Restate every line of the material below word for word, skipping the images.

Given data>
Start of Block
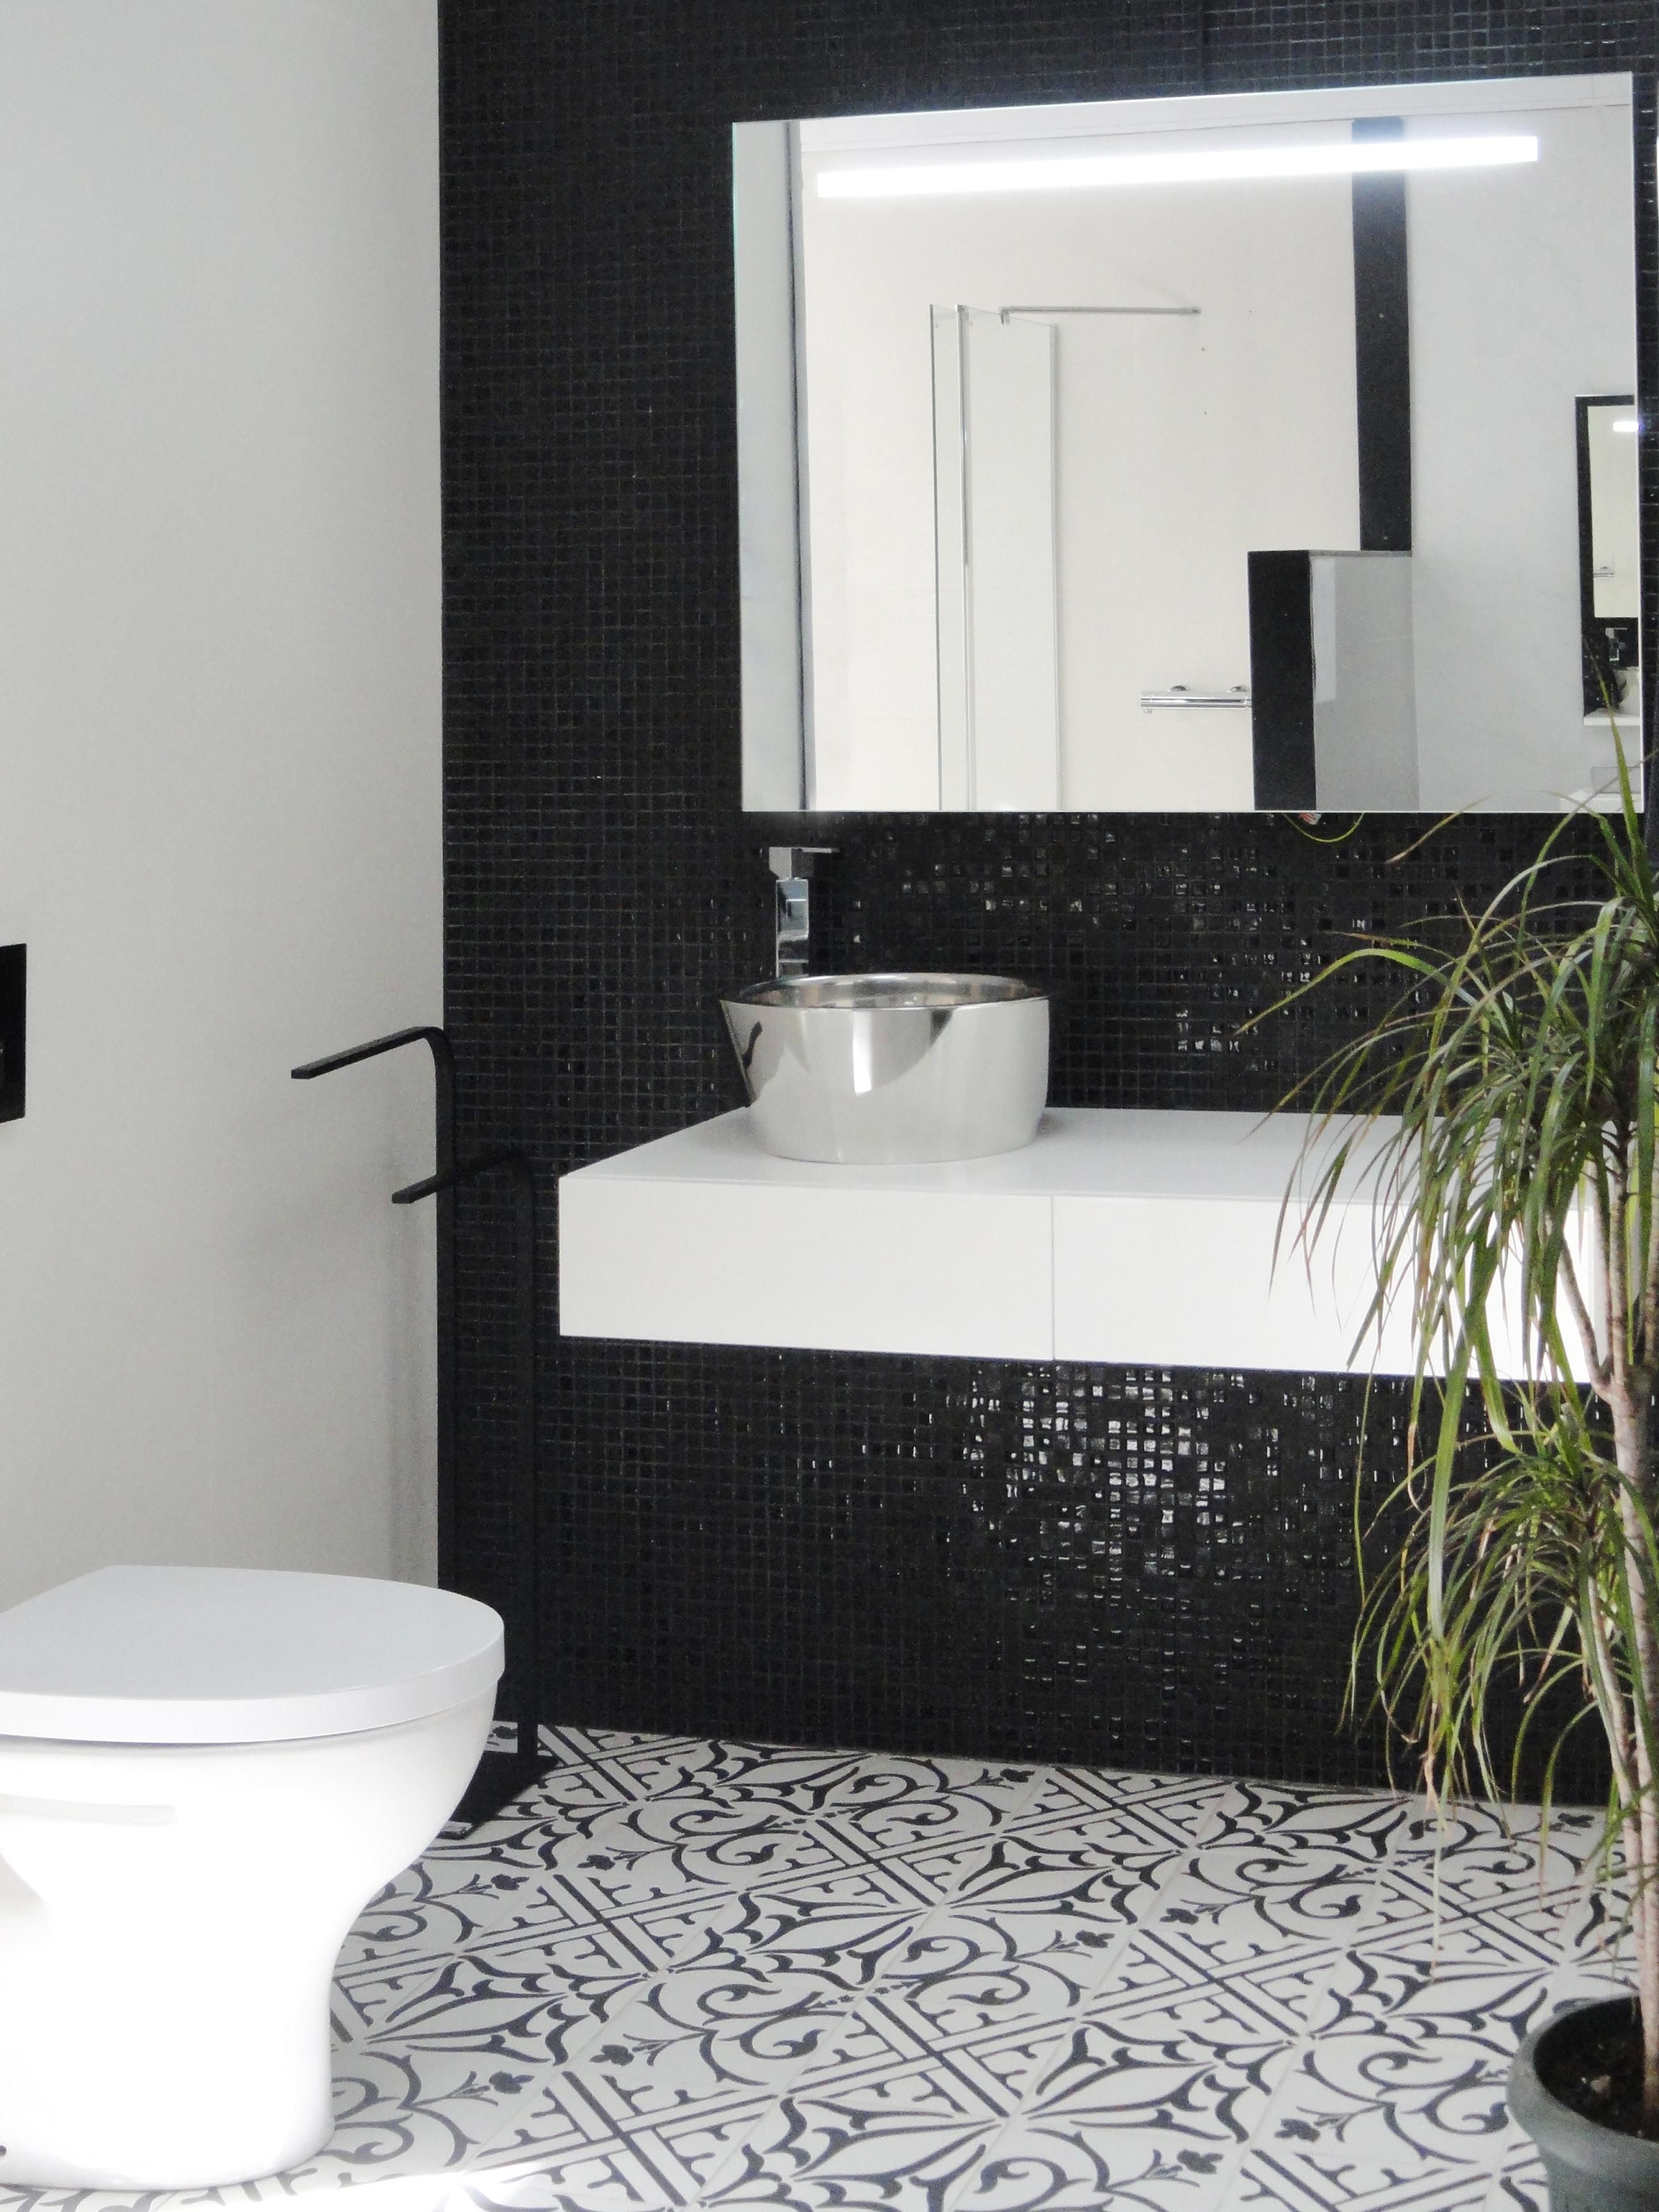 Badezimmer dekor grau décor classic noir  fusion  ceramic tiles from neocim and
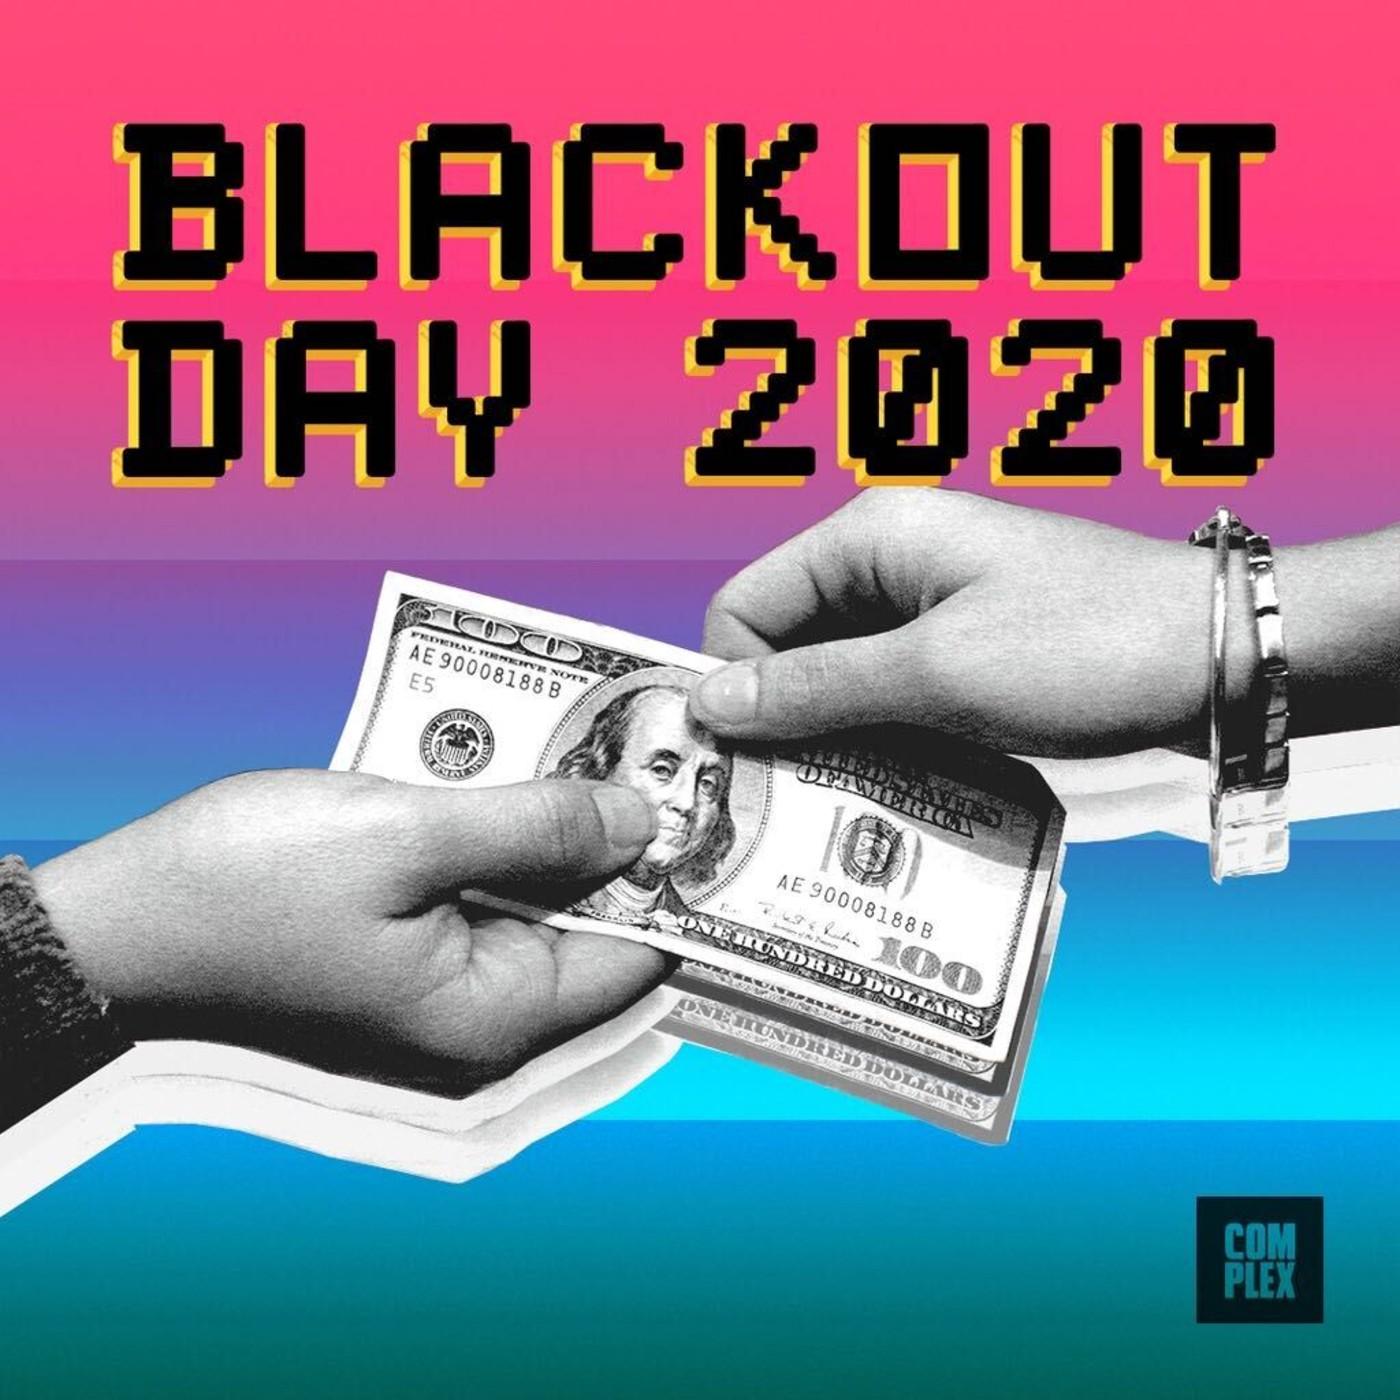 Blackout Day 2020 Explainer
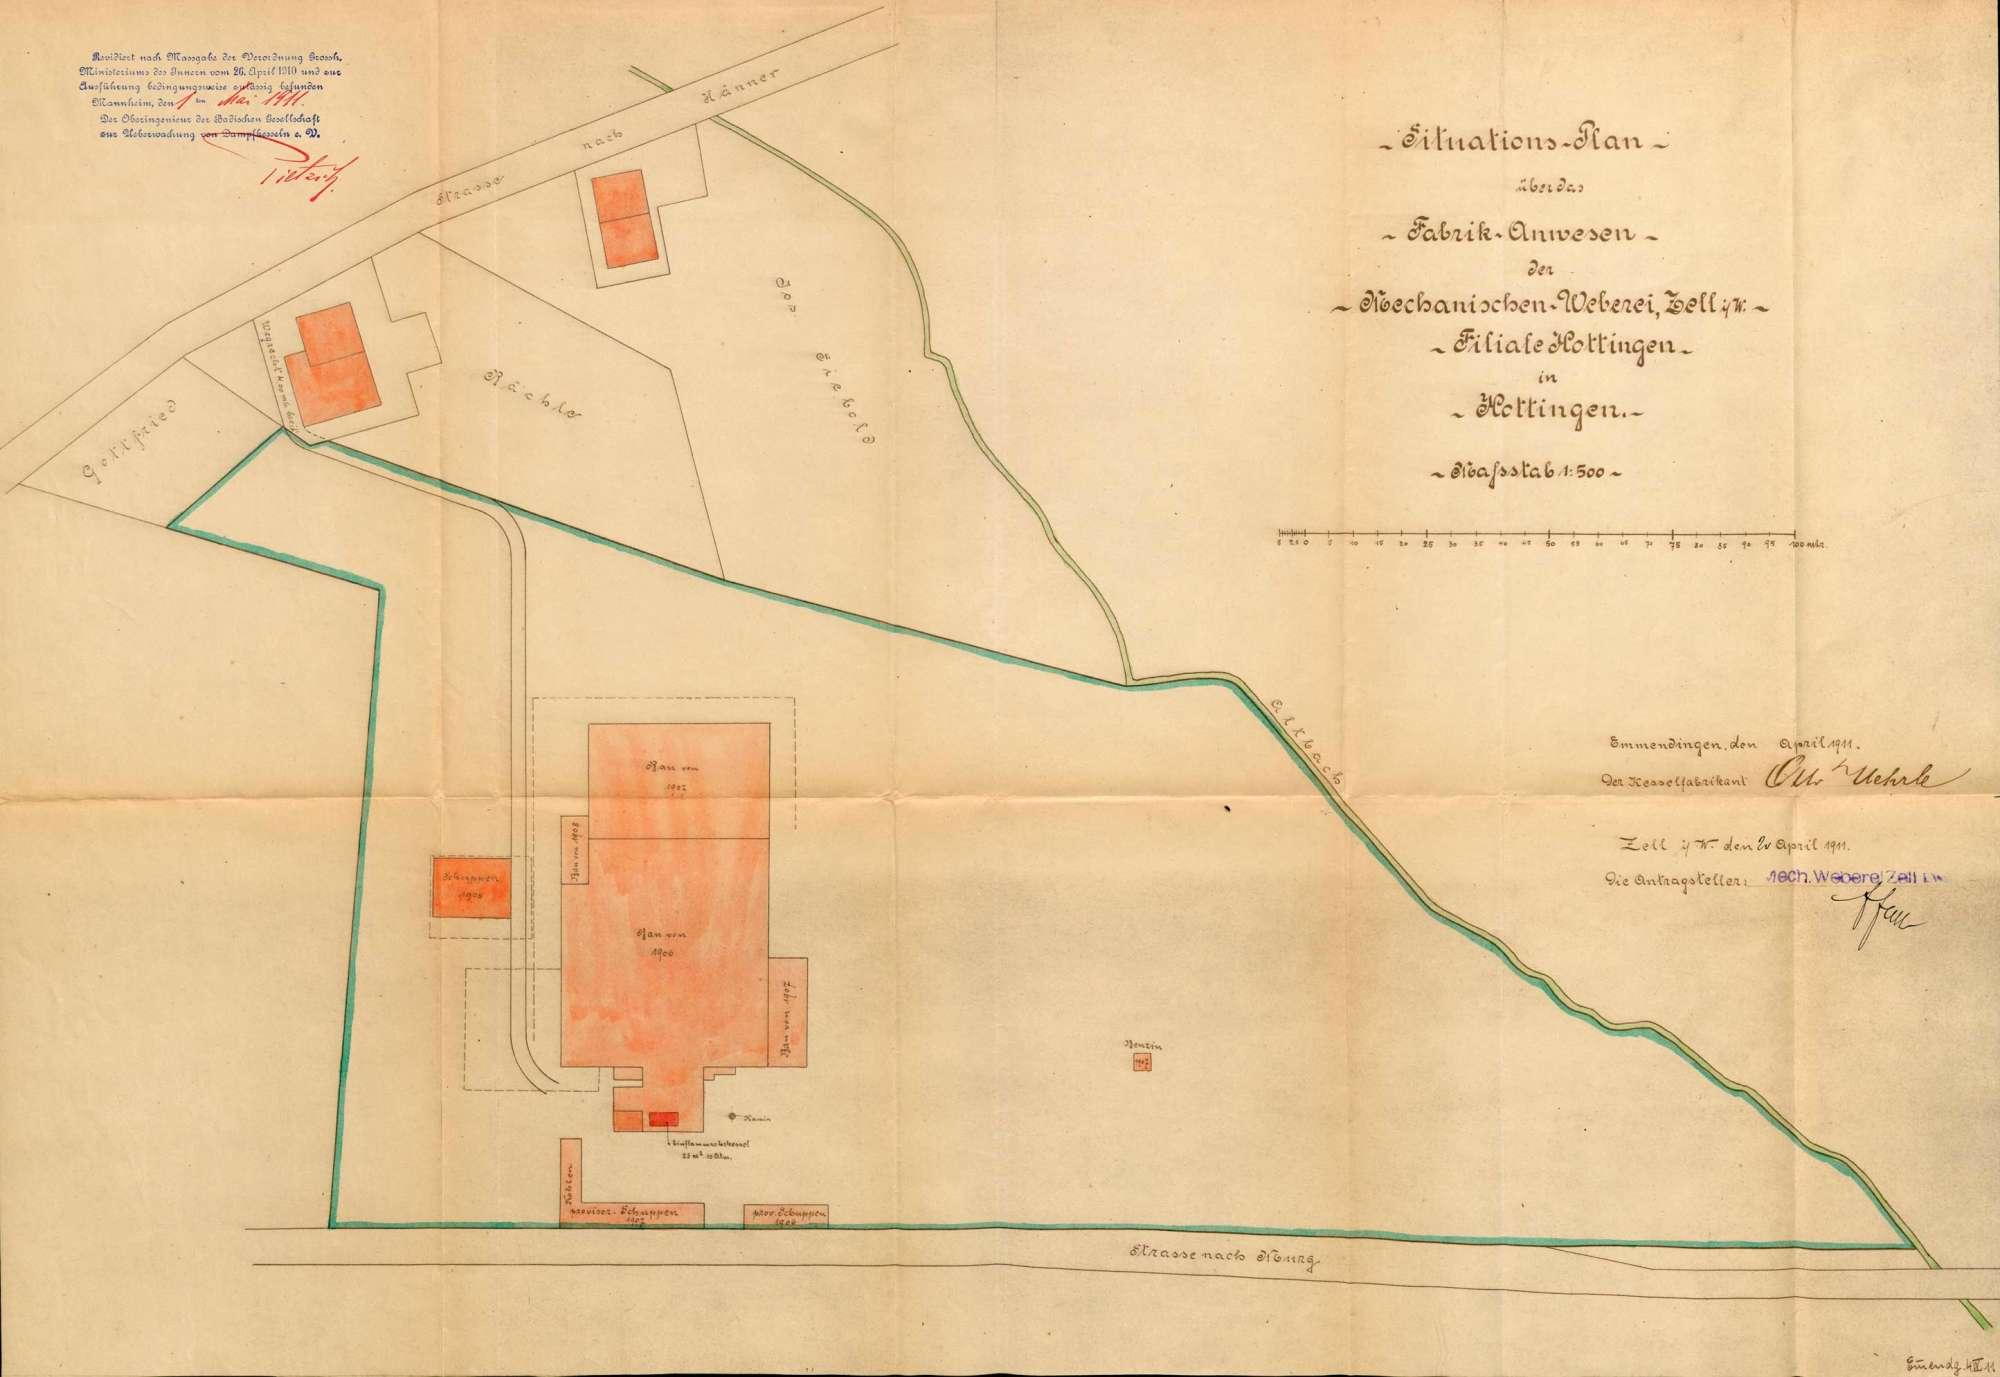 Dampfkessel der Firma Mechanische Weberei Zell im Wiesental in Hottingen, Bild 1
End of Block
Task solution>
 Badezimmer dekor grau décor classic noir  fusion  ceramic tiles from neocim and
 Blackout Day 2020 Explainer
 Dampfkessel der Firma Mechanische Weberei Zell im Wiesental in Hottingen, Bild 1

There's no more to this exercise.